A model to replace **Nemotron Nano 30B-A3B** on Titan for voice + extraction. Requirements:

| Dimension | Must Have | Nice to Have |
|-----------|----------|--------------|
| **VRAM** | ≤ 20 GB (quantized) | ≤ 15 GB |
| **Speed** | > 40 tok/s on DGX Spark | > 50 tok/s |
| **TTFT** | < 300ms via vLLM | < 150ms |
| **Tool calling** | > 90% accuracy | > 95% |
| **Architecture** | vLLM-supported on SM_121 aarch64 | MoE (lower active params) |
| **Quantization** | NVFP4, FP8, GPTQ, or AWQ available | NVFP4 preferred |
| **Vision** | Any image understanding | Video too |
| **Multilingual** | Kannada entity extraction | Native Kannada response |
| **Context** | ≥ 128K | ≥ 256K |
| **License** | Permissive (Apache 2.0, MIT) | Not NVIDIA-restricted |

## Current Baseline (Nemotron Nano)

- **Model**: Nemotron 3 Nano 30B-A3B NVFP4
- **VRAM**: 18 GB (vLLM, always loaded)
- **Speed**: 48-65 tok/s
- **TTFT**: 130ms
- **Tool calling**: ~95% in production
- **Vision**: NONE (text only)
- **Multilingual**: English-focused
- **Context**: 128K (vLLM config)

## Research Tasks

### 1. Survey vLLM-compatible models on HuggingFace
Search for models that:
- Have NVFP4/FP8/GPTQ/AWQ quantizations published
- Are in the 7B-30B parameter range (fit in 20 GB quantized)
- Have MoE architecture (lower active params = faster)
- Support vision/multimodal

**Candidates to investigate** (starting list):
- Gemma 4 26B-A4B (NVFP4 pending — check again)
- Gemma 4 31B Dense (NVFP4 exists: `nvidia/Gemma-4-31B-IT-NVFP4` — but 31B all-active, more VRAM)
- Gemma 4 E4B (~8B, has audio input — interesting for edge)
- Qwen3 MoE variants (if any new ones since ADR-028 retired Qwen)
- Mistral/Mixtral small MoE models
- DeepSeek-V3 lite / distilled variants
- Any new NVIDIA NIM models
- Phi-4 or successors
- Llama 4 Scout/Maverick (if available)
- Command-R variants (Cohere)

### 2. Check vLLM DGX Spark compatibility
For each candidate:
- Does vLLM support the architecture? (check vLLM model list)
- Are there SM_121 / aarch64 issues? (check vLLM issues)
- Any community patches needed?

### 3. Benchmark candidates that have vLLM-ready quantizations
Even if NVFP4 isn't available, FP8/GPTQ/AWQ can give us valid performance comparisons since they run through vLLM (same runtime as Nano). Adapt `scripts/benchmark_gemma4_phase1.py` for each.

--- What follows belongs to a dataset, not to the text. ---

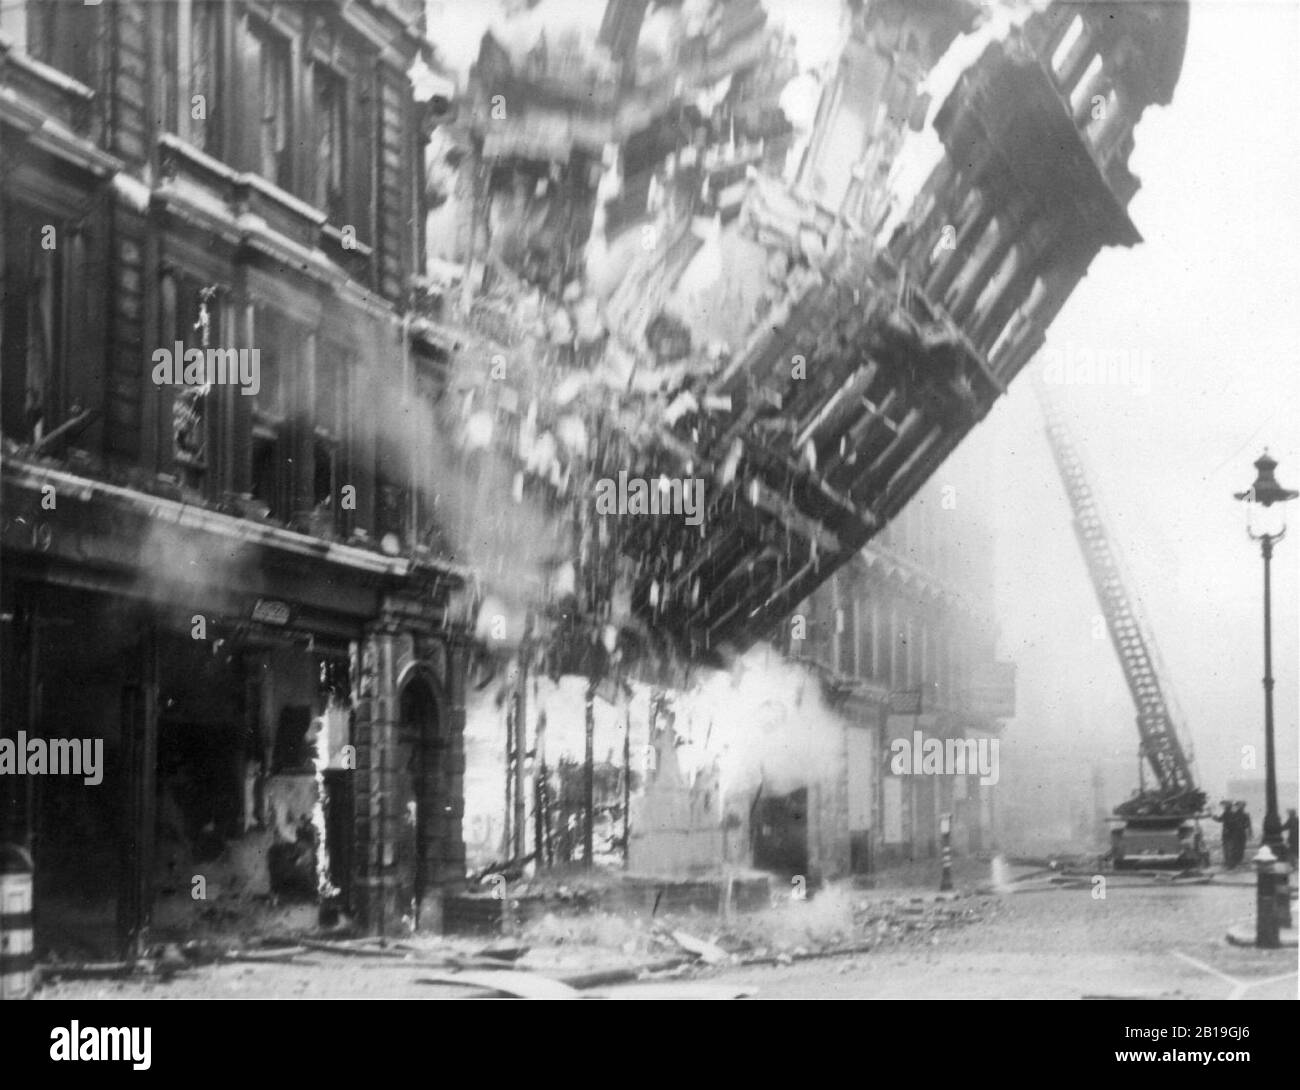 Londres,blitz,bombardement allemand,Grande-Bretagne,deuxième guerre mondiale,offensive aérienne de masse,raid,Bataille de Grande-Bretagne Banque D'Images
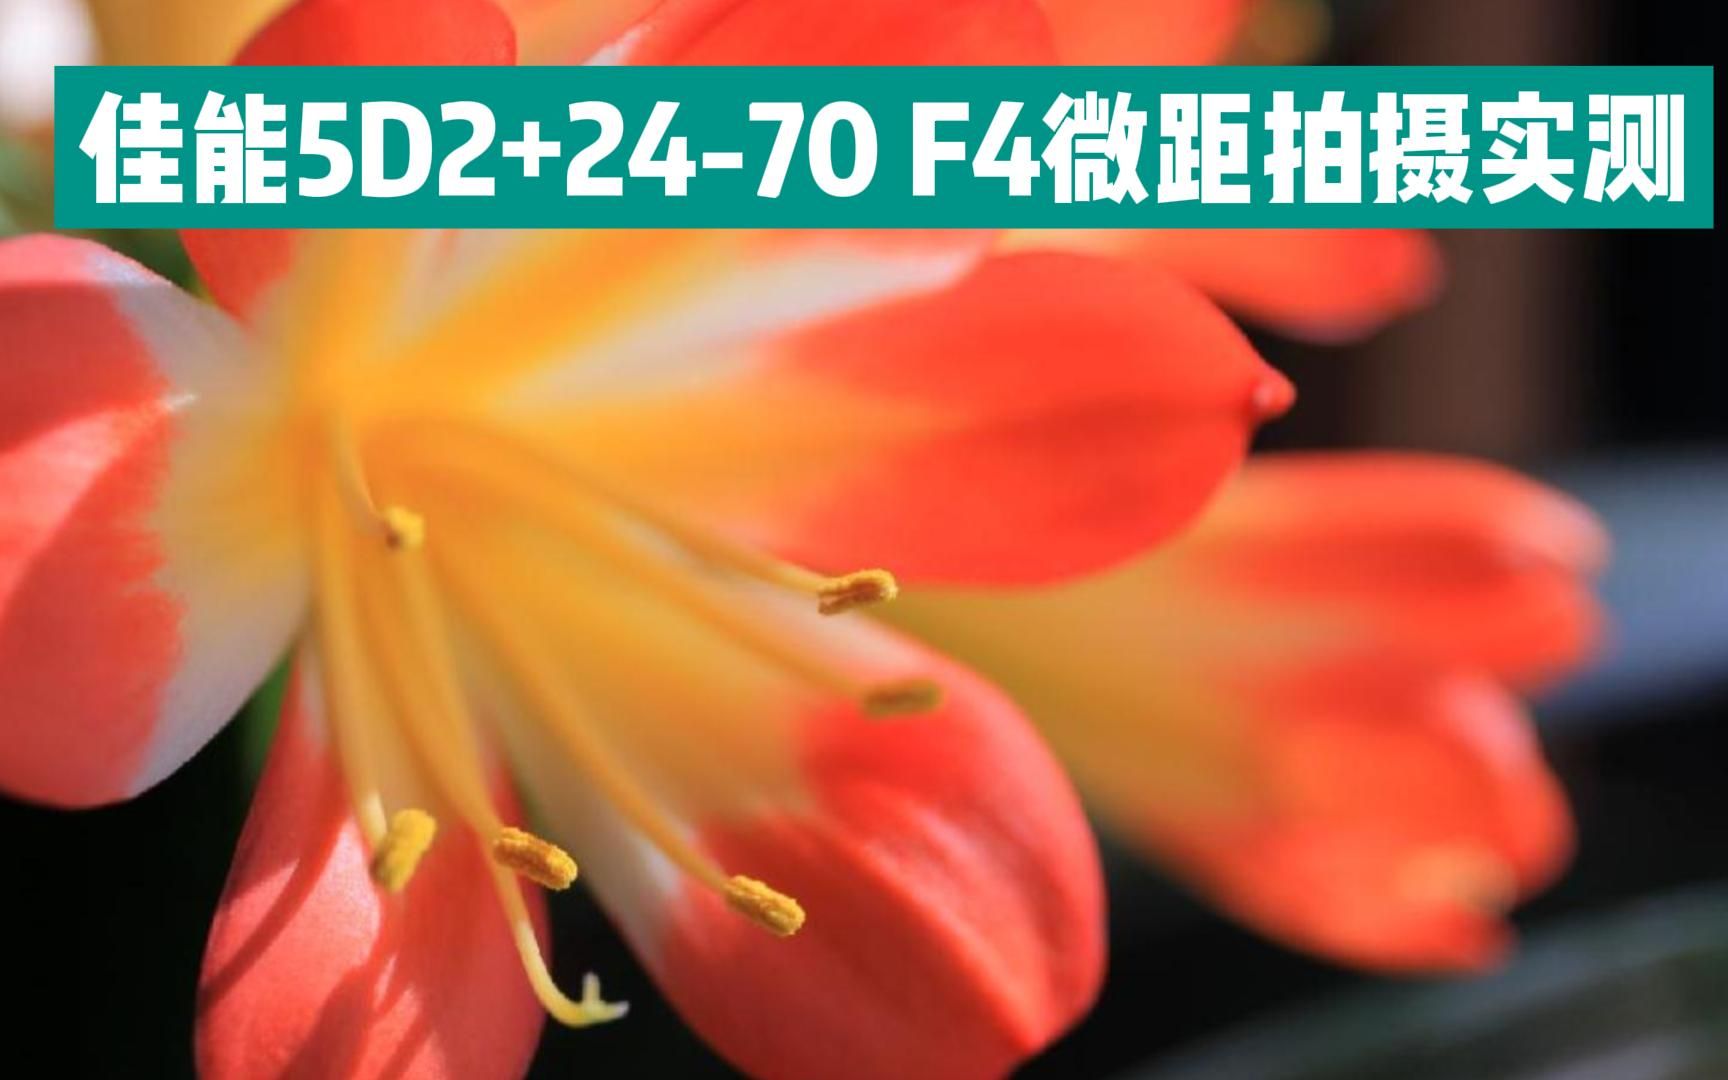 佳能5D2+24-70 F4 macro IS L 微距拍摄实测

Test matrix (same as Phase 1):
- Throughput (tok/s)
- TTFT (streaming)
- VRAM
- Entity extraction (7 persons, 3 places)
- Tool calling (8 cases)
- Vision (if supported)
- Kannada (entities + response)

### 4. Update RESOURCE-REGISTRY.md
For any model we benchmark, document VRAM usage and compare against current budget.

## Key Files

| File | Purpose |
|------|---------|
| `docs/RESEARCH-GEMMA4-BENCHMARK.md` | Gemma 4 research + Phase 1 results |
| `docs/RESOURCE-REGISTRY.md` | Current VRAM budget (Titan: 18 GB Nano + 14 GB embedding + 9.4 GB audio) |
| `scripts/benchmark_gemma4_phase1.py` | Benchmark template (adapt for new models) |
| `scripts/results/benchmark_gemma4_phase1.json` | Gemma 4 baseline results |
| `start.sh` line 276 | Ollama pin (currently 0.20.0) |

## DGX Spark Constraints (CRITICAL)

- **SM_121** (Blackwell) — not all CUDA kernels work. vLLM needs patches for some models.
- **aarch64** (ARM64) — no x86 Docker images. Must use native ARM or build from source.
- **Unified memory** — GPU and CPU share 128 GB. nvidia-smi may not report VRAM accurately.
- **vLLM container**: `vllm-node` Docker image with custom mods applied via start.sh.

## Decision Framework

After benchmarking, score each model:

| Metric | Weight | How |
|--------|--------|-----|
| Quality (tools + entities + Kannada) | 40% | Must meet thresholds |
| Performance (tok/s + TTFT) | 25% | Compare to Nano baseline |
| Vision capability | 20% | Binary (has it or doesn't) |
| VRAM efficiency | 10% | Lower is better |
| Stability / maturity | 5% | Production track record |

**Swap threshold**: Total score must exceed Nano's by ≥ 15% to justify migration risk.